2)研究代表者らが令和2年度老人保健健康増進等事業で提案した「通いの場等の取り組みを評価する枠組み(プロセス・アウトプット・アウトカム指標等)(以下、本枠組み)」の適用可能性を検証すること。
3)上記の結果を基に「PDCAサイクルに沿った介護予防の取り組みを推進するための自治体向け手引き」を作成すること。
1)PDCAサイクルに沿った通いの場等の取り組みの短期的及び中期的効果を、参加群と非参加群の比較から明らかにすること。
2)研究代表者らが令和2年度老人保健健康増進等事業で提案した「通いの場等の取り組みを評価する枠組み(プロセス・アウトプット・アウトカム指標等)(以下、本枠組み)」の適用可能性を検証すること。
3)上記の結果を基に「PDCAサイクルに沿った介護予防の取り組みを推進するための自治体向け手引き」を作成すること。
研究方法
令和4年度は、目的1)に関して、通いの場への参加による短期的効果の検証のため、令和3年度に実施した2つの自治体(東京都八王子市、豊島区)でのベースライン調査の有効回答者を対象に、郵送による1年後追跡調査を実施した。また、通いの場の介護予防効果のメカニズムを明らかにするための文献レビューを実施した。さらに、目的3)に関して、上記1)および2)の結果を基に「PDCA サイクルに沿った介護予防の取り組みを推進するための自治体向け手引き」を完成させた。
結果と考察
八王子市の有効回答者23,151名のデータを解析した結果、狭義/広義に関わらず、通いの場参加による短期的効果として、食の多様性や毎日の外出者割合への好影響が確認された。また、広義の通いの場参加では、精神的健康にも好影響がもたらされることが示された。一方で、豊島区の有効回答者4,123名のデータを解析した結果、狭義の通いの場参加群では、非参加群よりもフレイルの割合が有意に低減した。広義の通いの場参加群では、外出者割合のみに好影響が確認された。
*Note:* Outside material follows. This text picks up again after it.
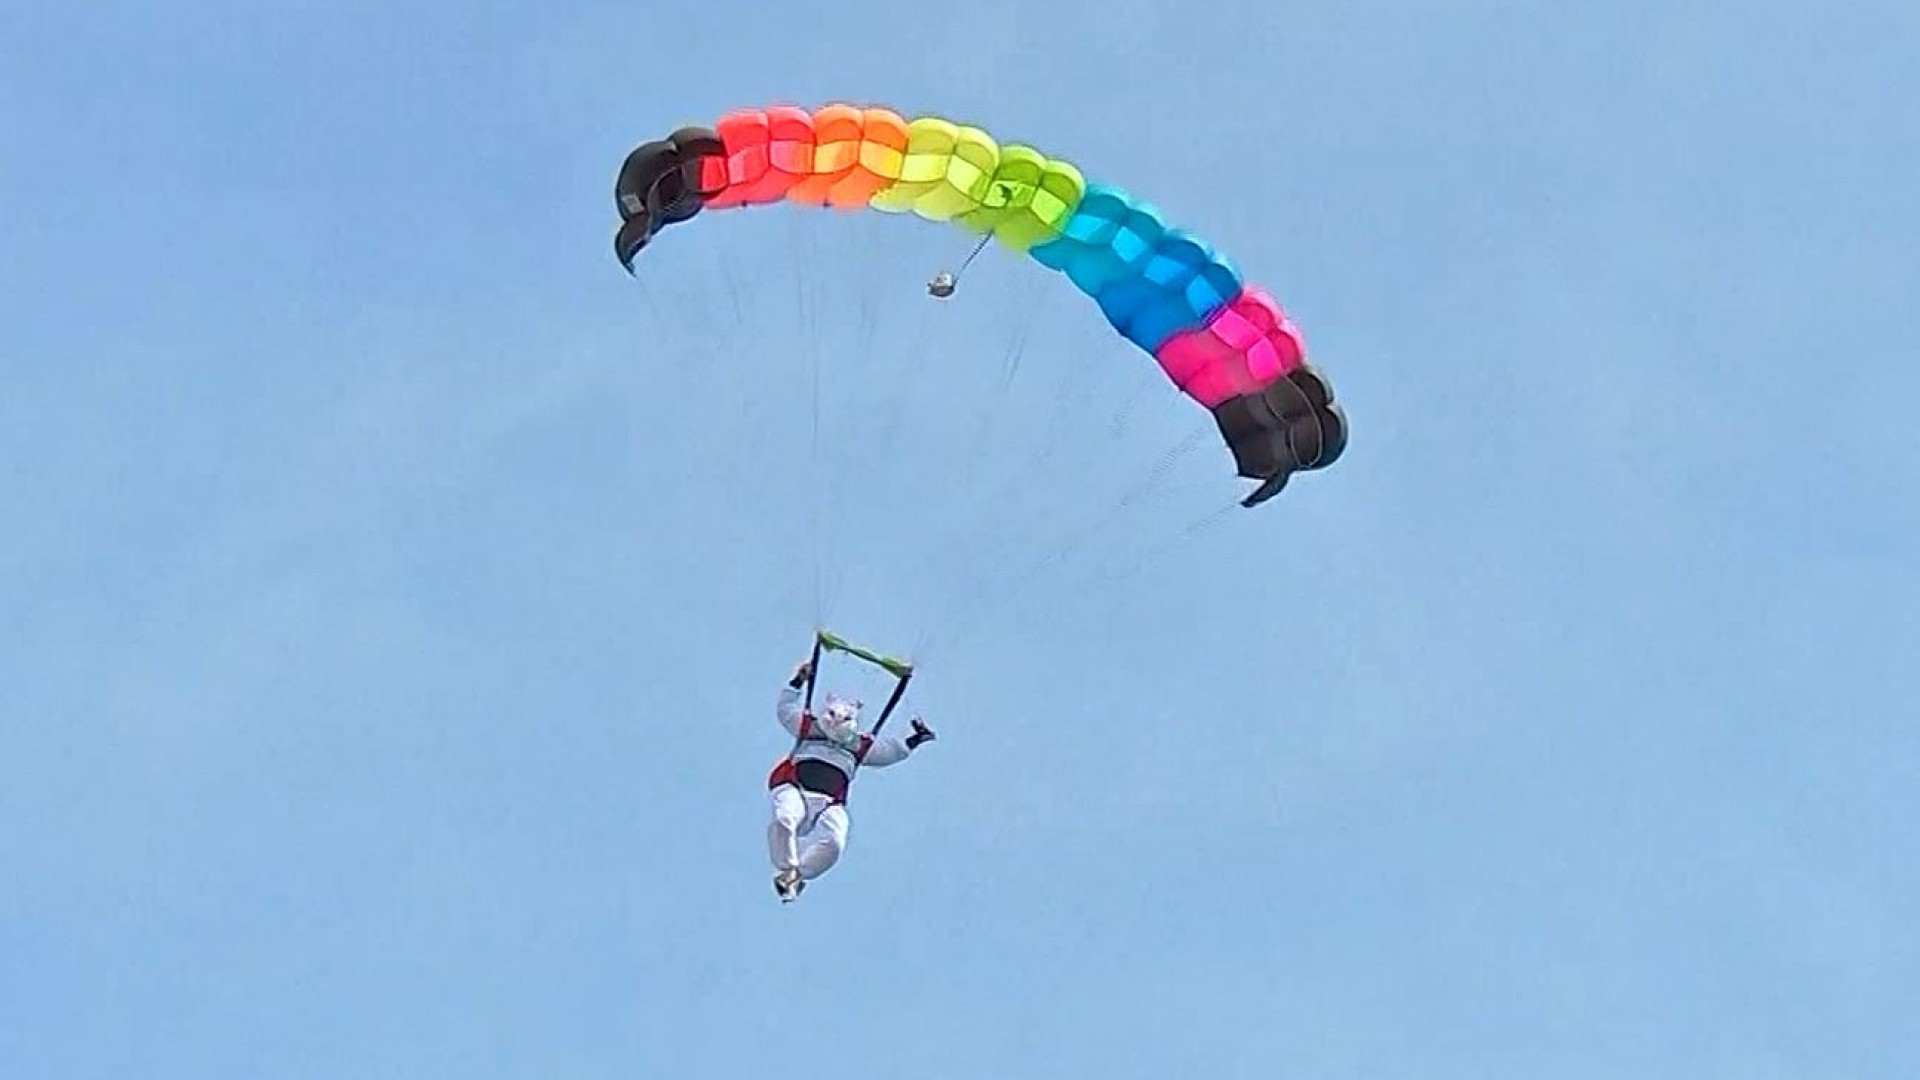 WATCH: Easter Bunny goes skydiving, surprises kids during egg hunt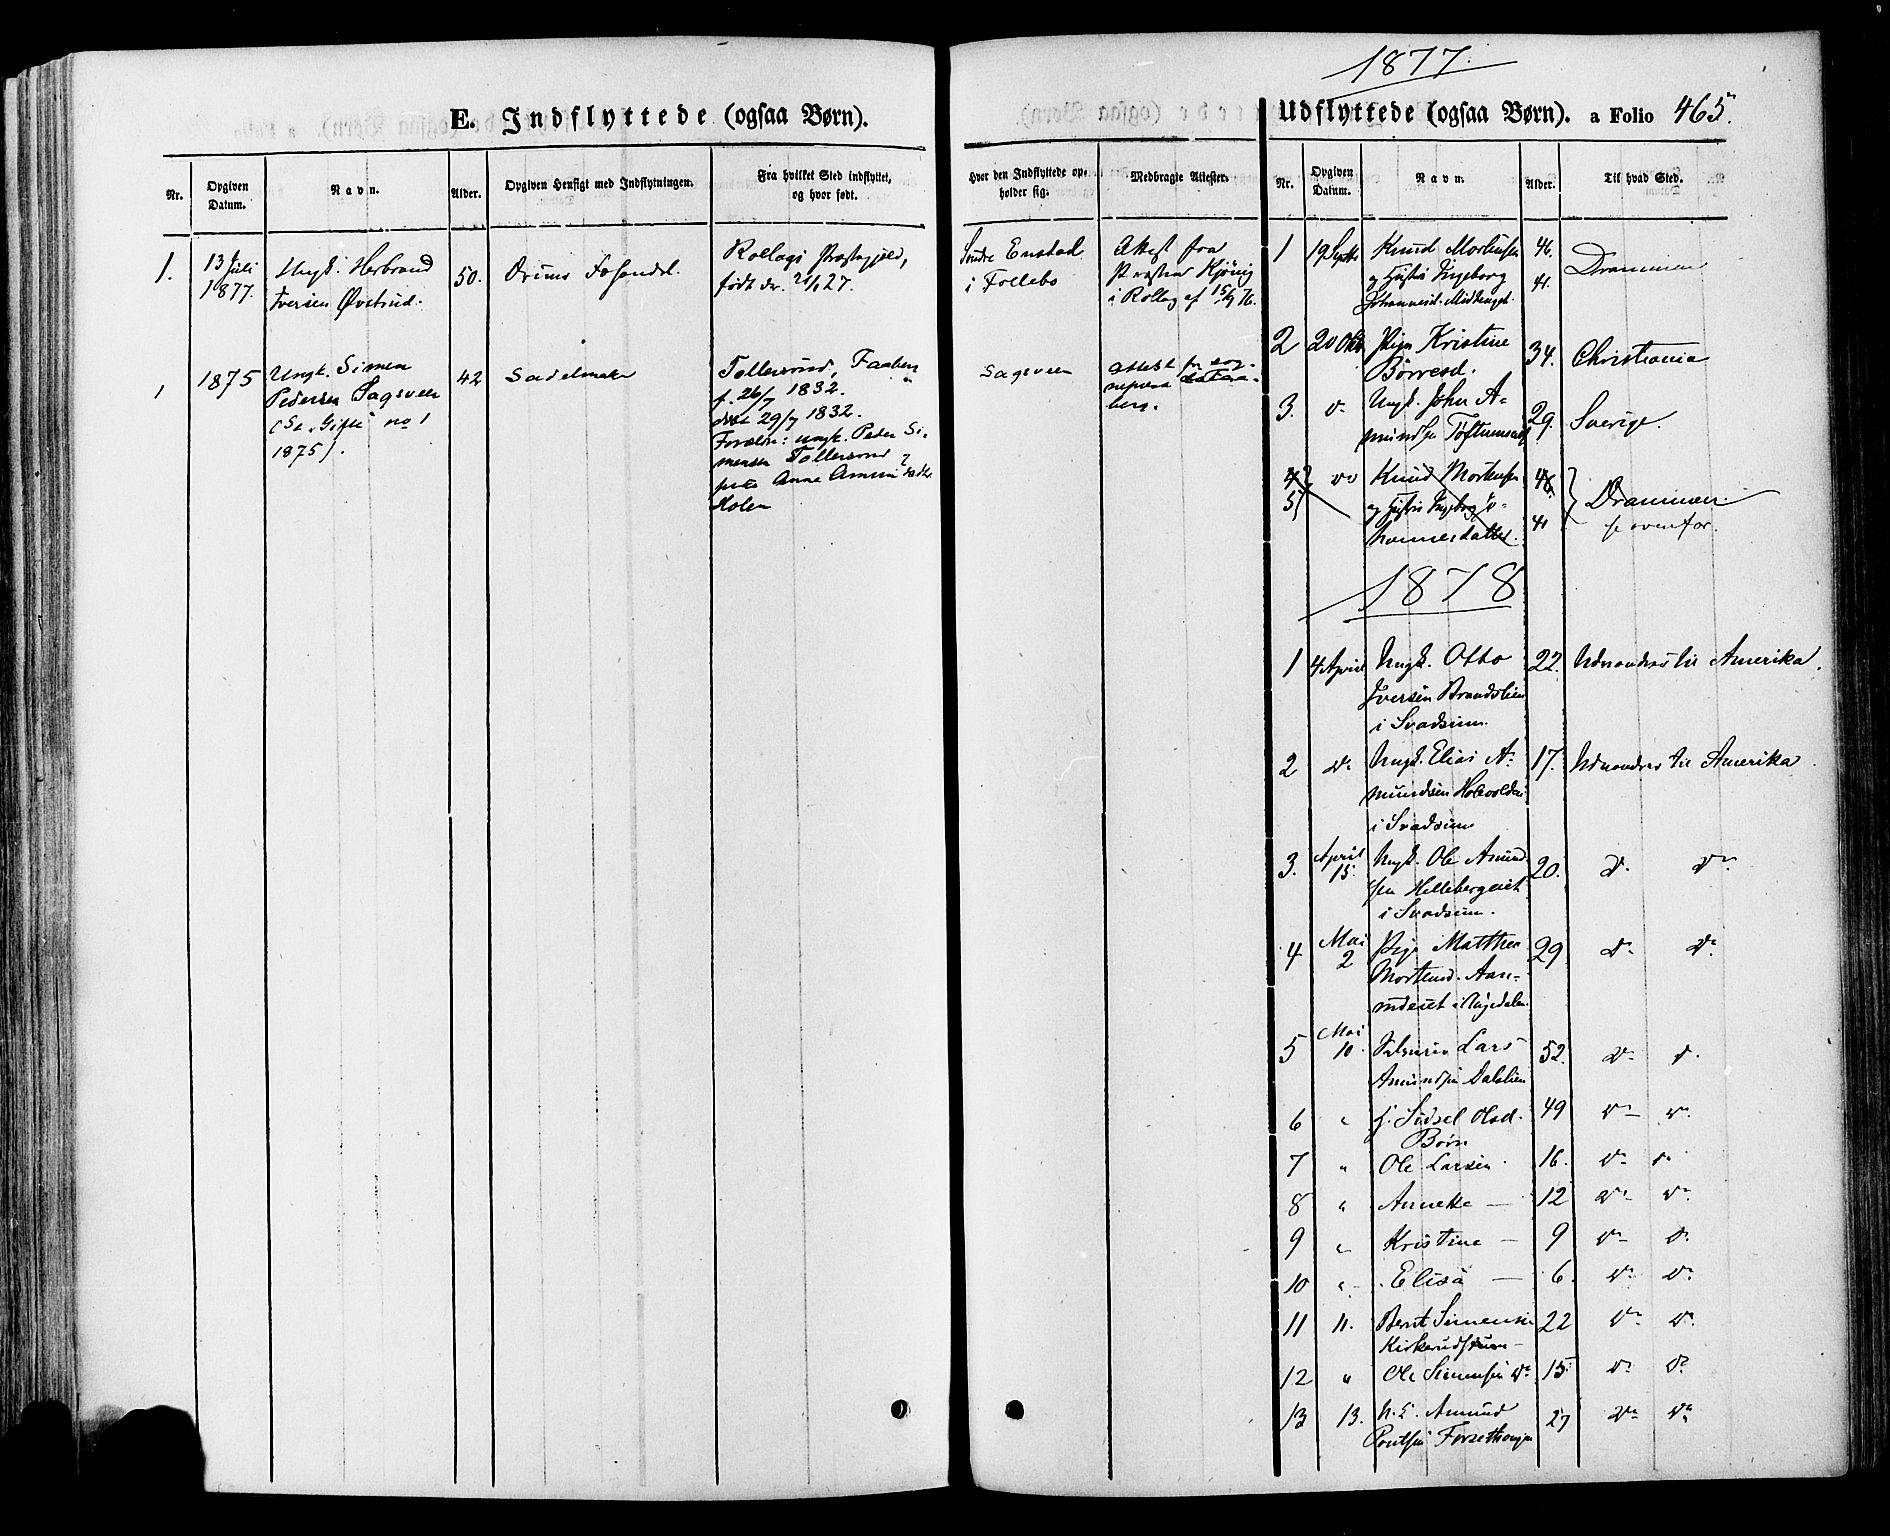 SAH, Gausdal prestekontor, Ministerialbok nr. 10, 1867-1886, s. 465

また、文献レビューの結果、通いの場参加による身体・認知・心理面の維持・向上、社会的相互作用を通じ、介護予防効果がもたらされていることが示唆された。これらの結果を踏まえ、自治体の様々な実情を考慮した評価の枠組みと、通いの場等の取組をPDCAサイクルに沿って推進するための「PDCA サイクルに沿った介護予防の取り組みを推進するための自治体向け手引き」を作成した。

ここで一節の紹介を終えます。